Let's start by importing all the important classes

In [None]:
import numpy as np
from keras.utils import to_categorical
from nlp_architect.data.sequential_tagging import SequentialTaggingDataset
from nlp_architect.models.ner_crf import NERCRF
from nlp_architect.utils.embedding import get_embedding_matrix, load_word_embeddings
from nlp_architect.utils.metrics import get_conll_scores

## Preparing the data

Load a dataset using the `NamedEntityDataset` dataset loader.
The files should be tagged in `BIO` format and each token should appear in a separate line with its tags separated by tabs. For example: `A B-ENTITY`.  Sentence should be separated by an empty line.

Change the train/test paths below to your 

In [None]:
train = 'train.txt'
test = 'test.txt'

sentence_length = 50
word_length = 12

dataset = SequentialTaggingDataset(train, test,
                                   max_sentence_length=sentence_length,
                                   max_word_length=word_length,
                                   tag_field_no=4)
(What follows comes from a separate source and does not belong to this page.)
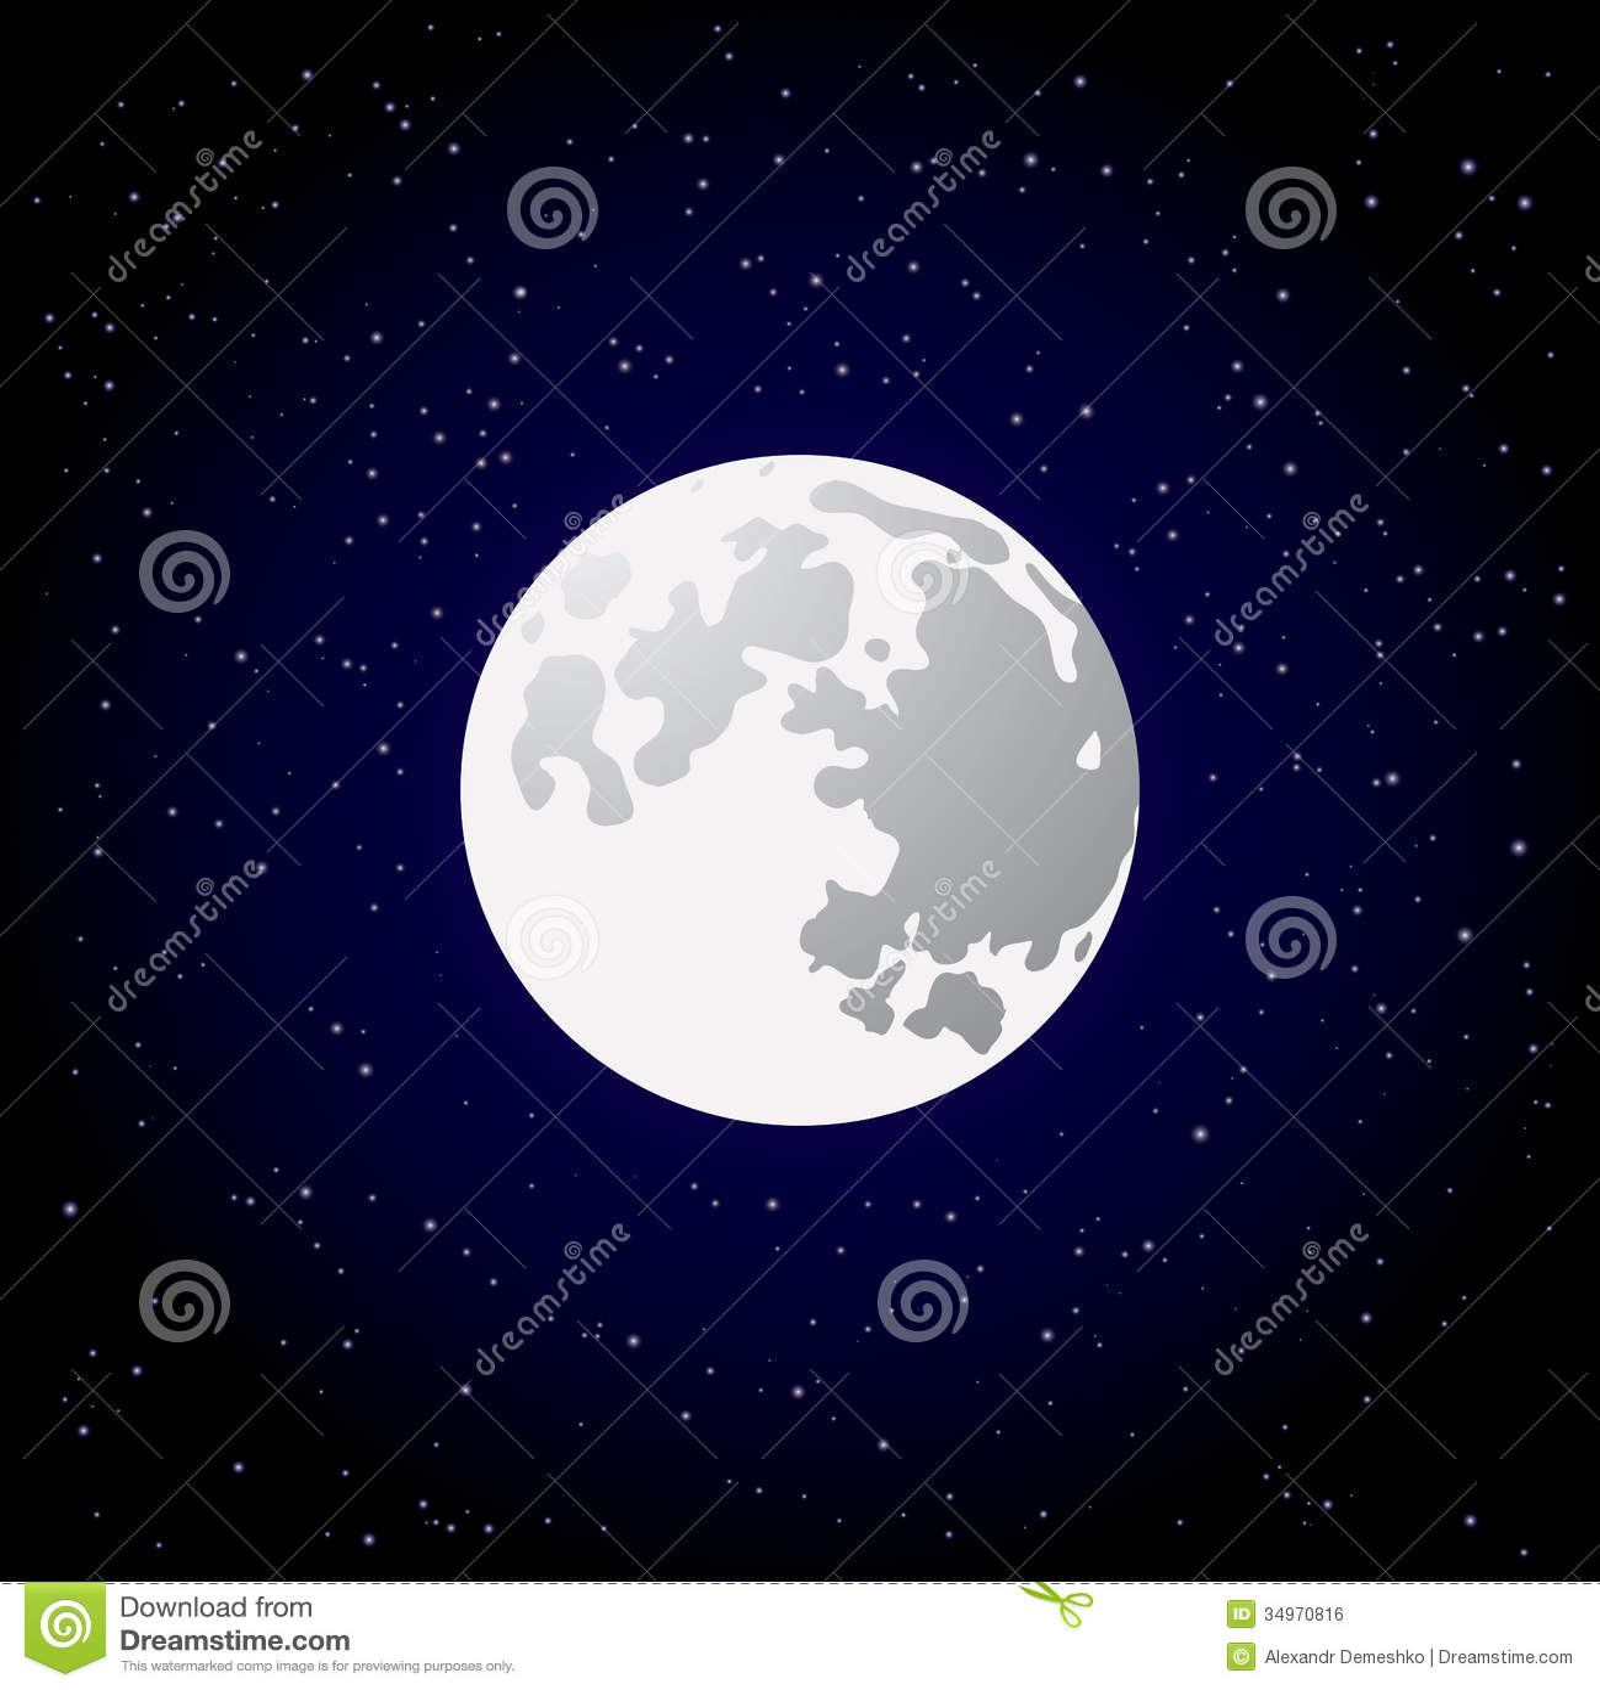 Cute Tribal Print Wallpaper Full Moon And Shining Stars On Dark Blue Sky Stock Vector

Get the train and test sets - we have 2 inputs and 1 output (word and chars, and entity type for outout).

In [None]:
x_train, x_char_train, y_train = dataset.train
x_test, x_char_test, y_test = dataset.test

Convert output matrices into 1-hot encoding.
Prepare sequence length for train and test data (used by the CRF classification layer)

In [None]:
num_y_labels = len(dataset.y_labels) + 1
y_test = to_categorical(y_test, num_y_labels)
y_train = to_categorical(y_train, num_y_labels)
train_lengths = np.sum(np.not_equal(x_train, 0), axis=-1).reshape((-1, 1))
test_lengths = np.sum(np.not_equal(x_test, 0), axis=-1).reshape((-1, 1))
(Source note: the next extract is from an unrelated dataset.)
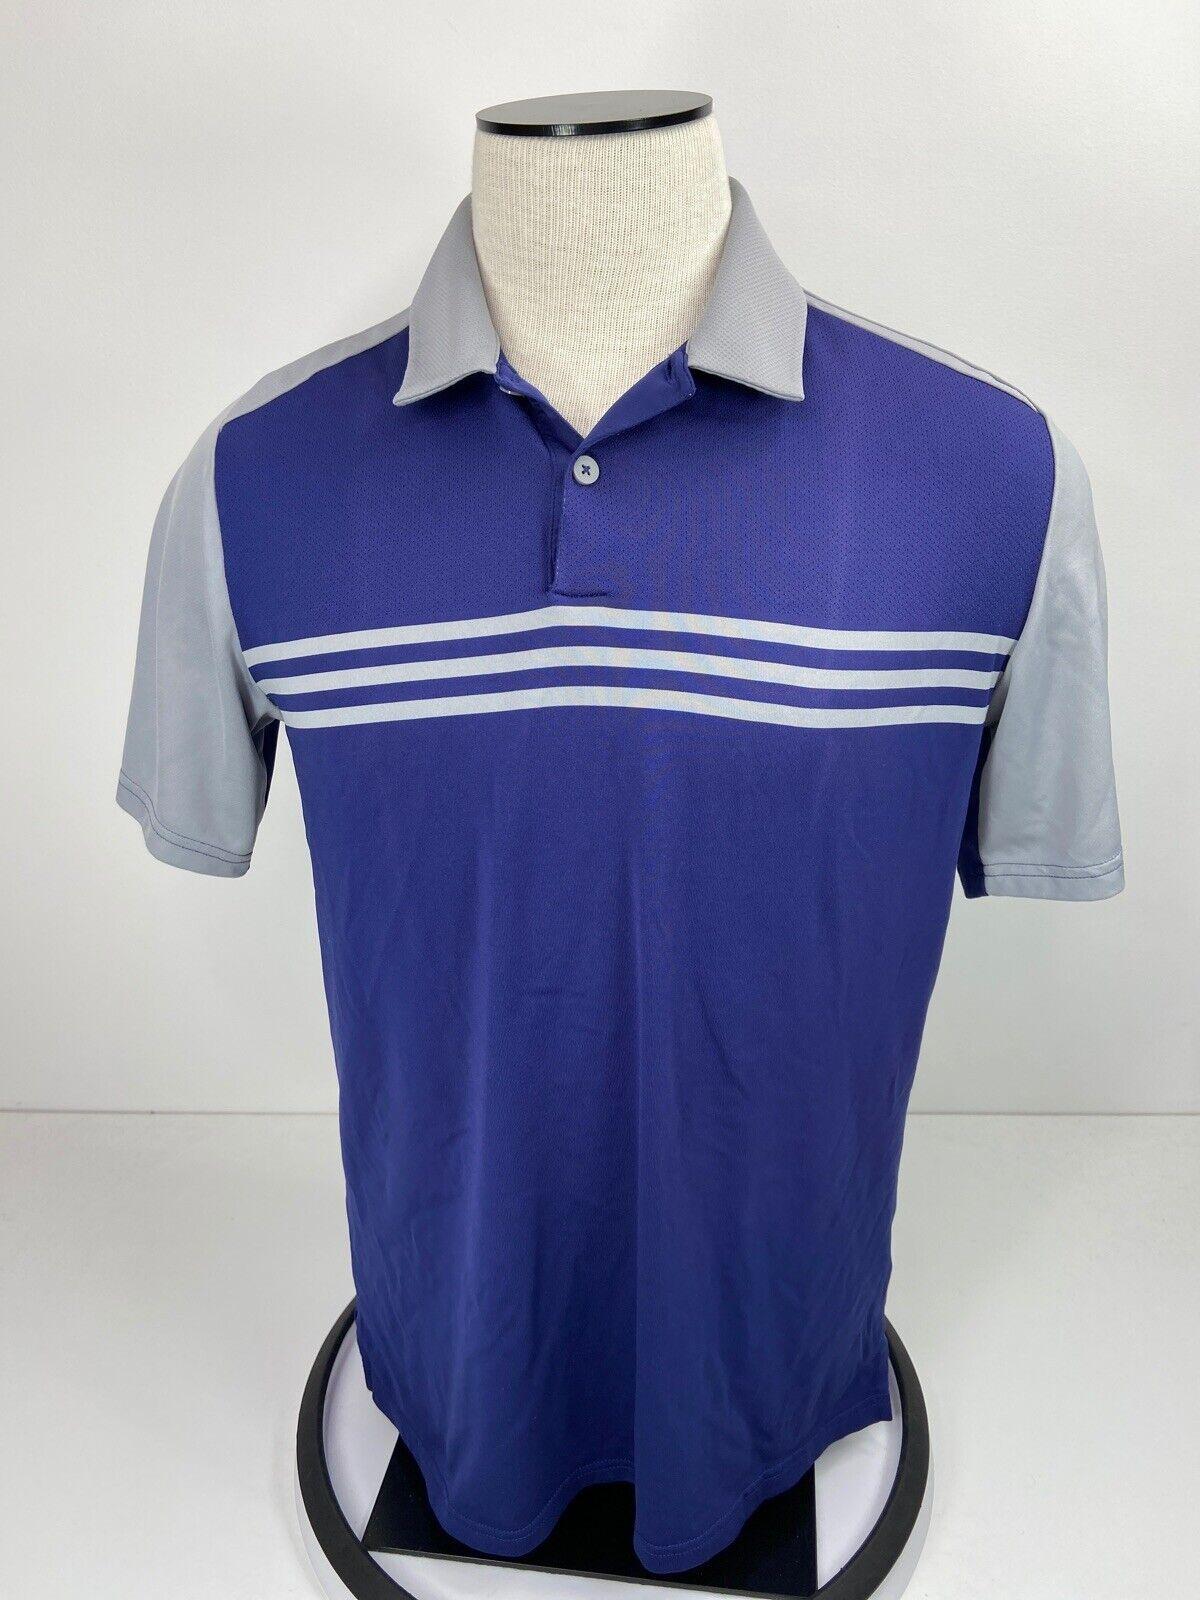 Adidas Men's Climacool Blue Gray Polo Shirt Size M - Gem

### External word embedding model

We can use pre-train word embedding models with this network. NLP Architect can load GloVe and Fasttext type of models (text files in <word> <vector weights> format).

For more information and download links visit official pages of [GloVe](https://nlp.stanford.edu/projects/glove/) and [Fasttext](https://fasttext.cc/docs/en/english-vectors.html).

_(The terms and conditions of the data set license apply. Intel does not grant any rights to the data files)_

In the example below we point `embedding_path` to a local GloVe model of size 100.

In [None]:
embedding_path = 'glove.6B.100d.txt'
embedding_size = 100
embedding_model, _ = load_word_embeddings(embedding_path)
embedding_mat = get_embedding_matrix(embedding_model, dataset.word_vocab)


## Creating the model
The NER model we're going to build is depicted below:

![image.png](attachment:image.png)

We have 2 input source (words and word characters), a bi-directional LSTM layer and a CRF layer for token classification.

There's a class in NLP Architect that implements the above model, called `NERCRF` from `nlp_architect.models.ner_crf`.
Build a new model using your chosen parameters, and load the external word embedding vectors into the embedding layer of the network.

In [None]:
ner_model = NERCRF()
ner_model.build(word_length,
                num_y_labels,
                dataset.word_vocab_size,
                dataset.char_vocab_size,
                word_embedding_dims=embedding_size)
ner_model.load_embedding_weights(embedding_mat)

## Training
set batch size and number of epochs and fit the data on the network.

In [None]:
batch_size = 10
num_epochs = 1

ner_model.fit(x=[x_train, x_char_train, train_lengths], y=y_train,
              batch_size=batch_size,
              epochs=num_epochs,
              validation=([x_test, x_char_test, test_lengths], y_test))

## Evaluation
Once the model has trained. Run CONLLEVAL to see how well it performs.

In [None]:
predictions = ner_model.predict(x=[x_test, x_char_test, test_lengths], batch_size=1)
eval = get_conll_scores(predictions, y_test, {v: k for k, v in dataset.y_labels.vocab.items()})

In [None]:
print(eval)